First of all, we must restrict the flow of finance into and out of the country. It is not just that we must not go in for full capital account convertibility –we are almost there now – but rather that we must move in the opposite direction of imposing greater restrictions and regulations on money being taken out of the country. We must review policies concerning exports and imports of goods and services, and impose greater restrictions on imports, curbing imports of luxury goods and services, and those related to such imports. We must increase public investments in energy, oil and natural gas exploration, fertilizer production and many areas of industrial and human resource infrastructure including education and health, using the enormous reserve funds available with the public sector enterprises. We must reverse the policies of privatization of industry, and the granting of huge bonanzas to the foreign and domestic corporate sector by way of tax concessions and cheap access to scarce natural resources. We must shift to a model of growth based on the needs and demands of the vast majority of working people and not the fancy tastes and preferences of a narrow elite which imitates the consumption patterns of the global rich.
What devaluation of the rupee does is to raise the cost of imports, and therefore, of all prices in the economy. It worsens inflation, which is already intolerably high on account of the government policies of high levels of indirect taxes and encouragement to traders and speculators. Devaluation hurts working people by bringing down their real incomes. It increases energy and fertiliser costs, harming the peasantry and agricultural labourers. It only benefits a handful of speculators. At the root of it all, devaluation means cheapening our labour in international markets: working harder, producing and selling more, but getting less!

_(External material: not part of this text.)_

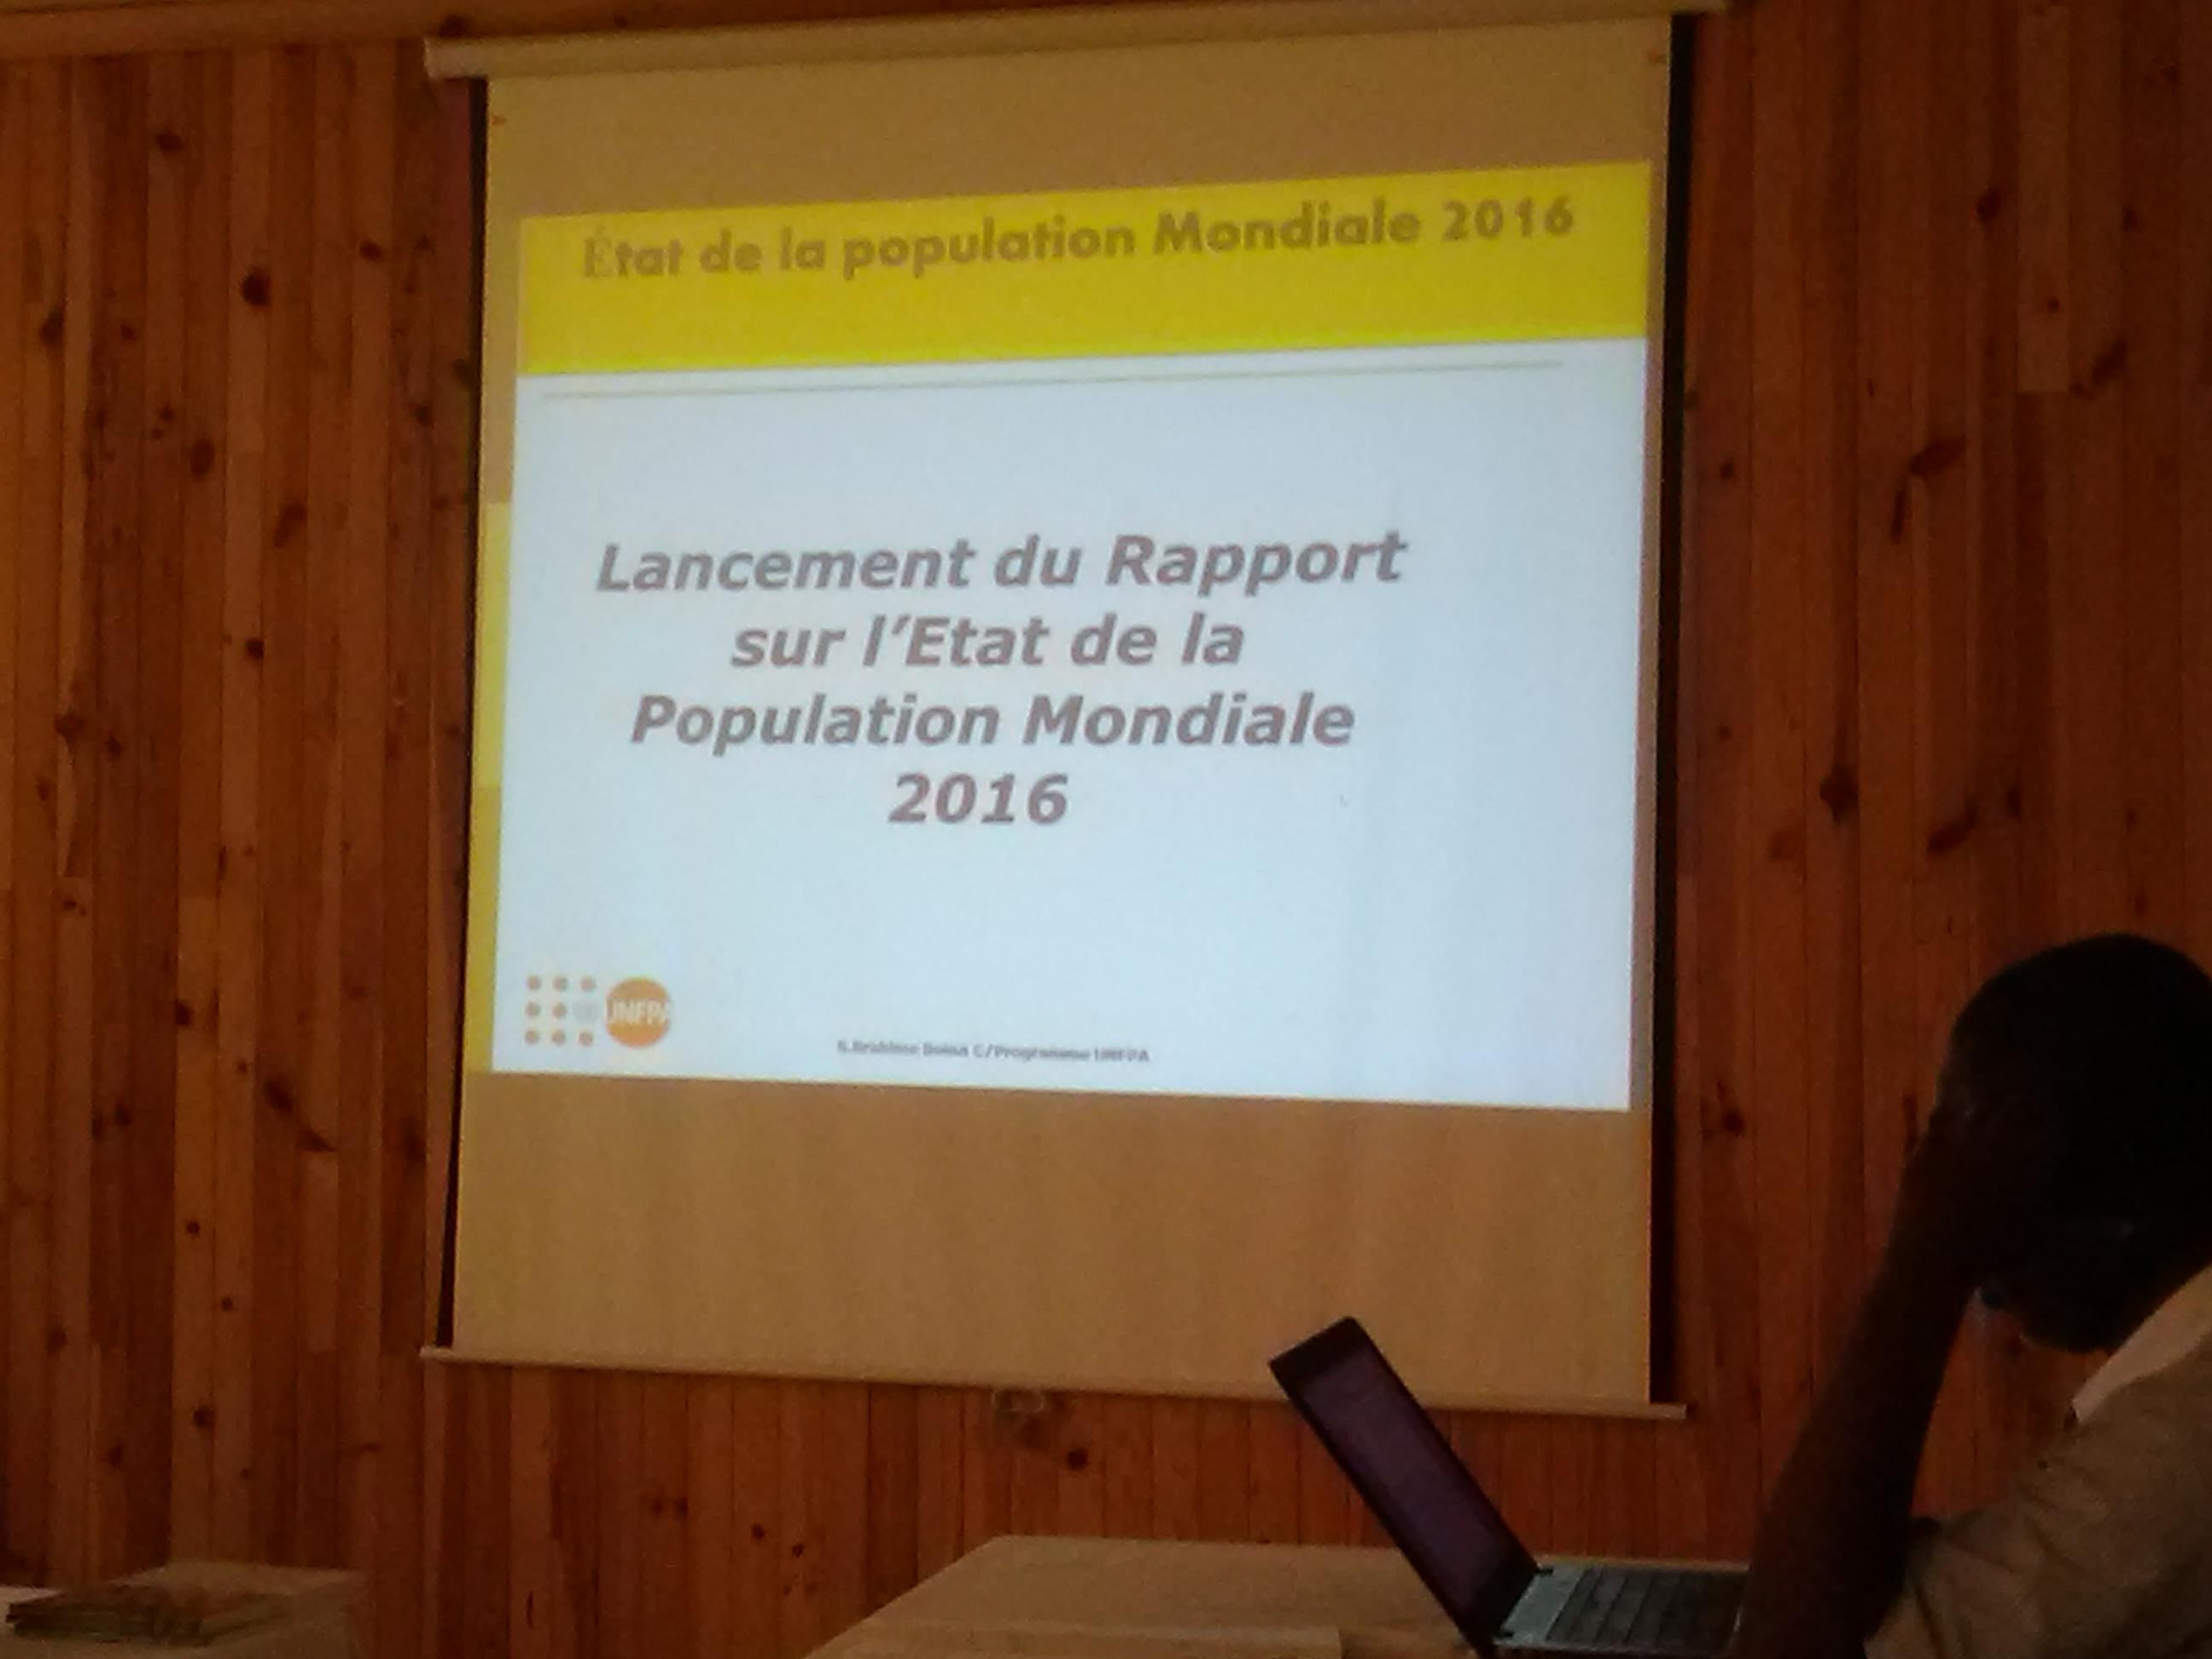 RAPPORT DE 2016 SUR L'ETAT DE LA POPULATION MONDIALE
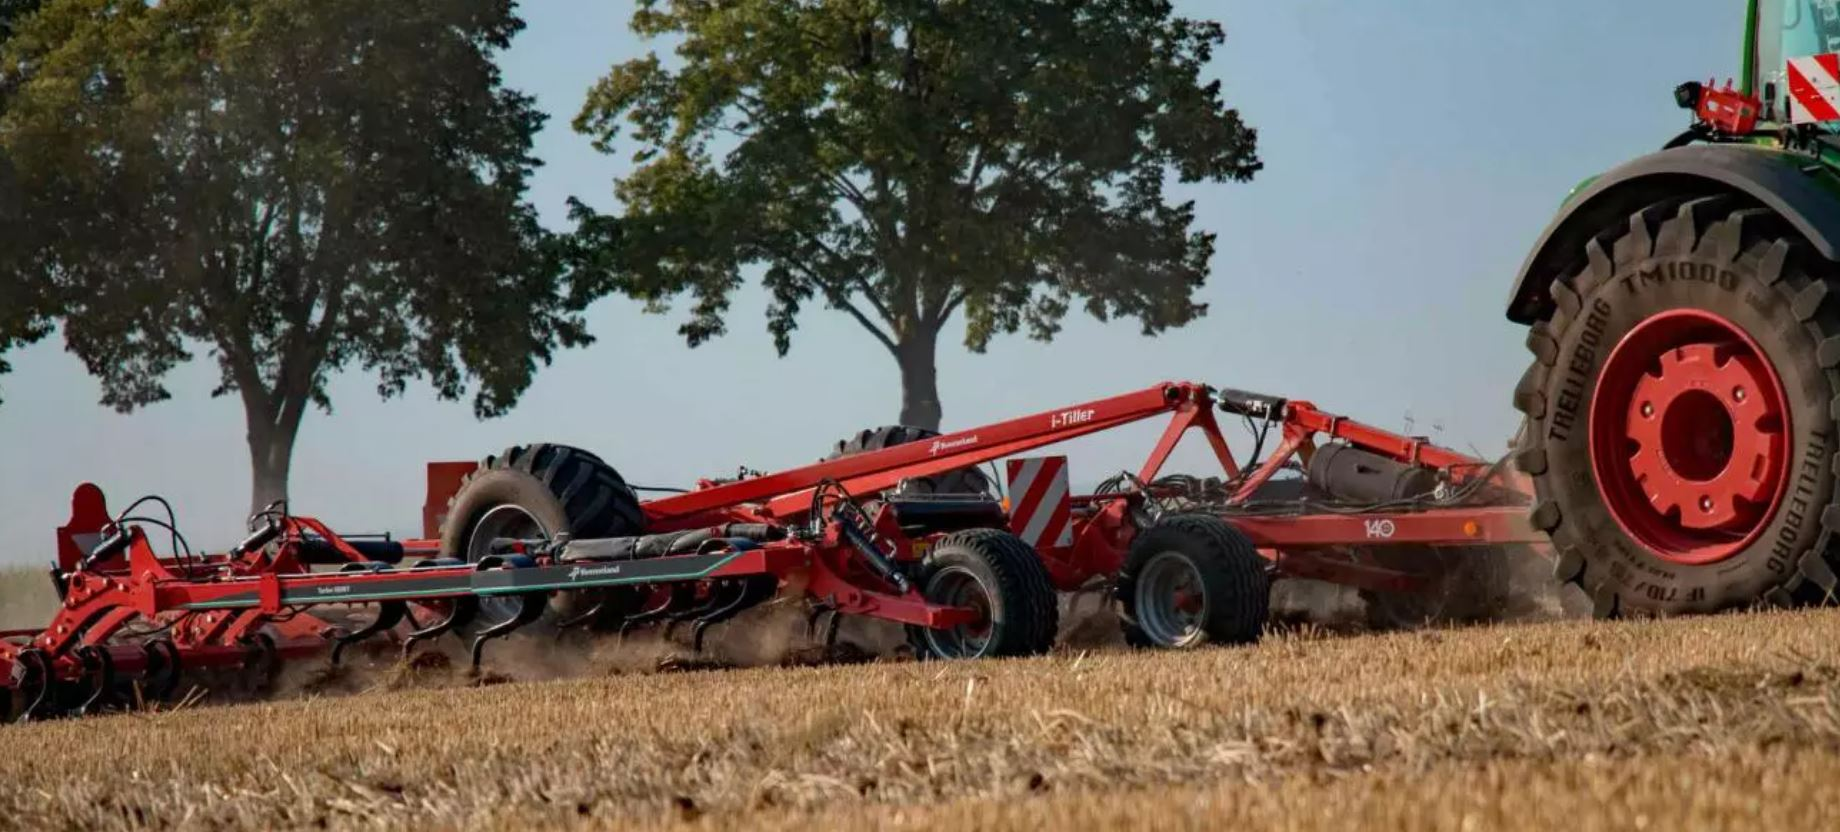 Plafonarea subvențiilor europene – Cine pierde? Statele membre vor aplica o plafonare de până la 500.000 de euro la plăți directe. Stiri agricole

The myth of bourgeois economics that exchange rates are determined by so-called economic fundamentals and the dogma that devaluation/depreciation of the currency will automatically increase foreign exchange earnings on account of exports should be categorically rejected. Public opinion must be mobilised against the ruinous neoliberal policies of the central and most state governments. The alternative set of policies based on basic land reforms, less inequality, greater direct taxation of the rich, increased public investments in health, education and infrastructure, greater democratic decentralization, and an economy of self-reliance with significant controls on foreign trade and capital flows must be popularised.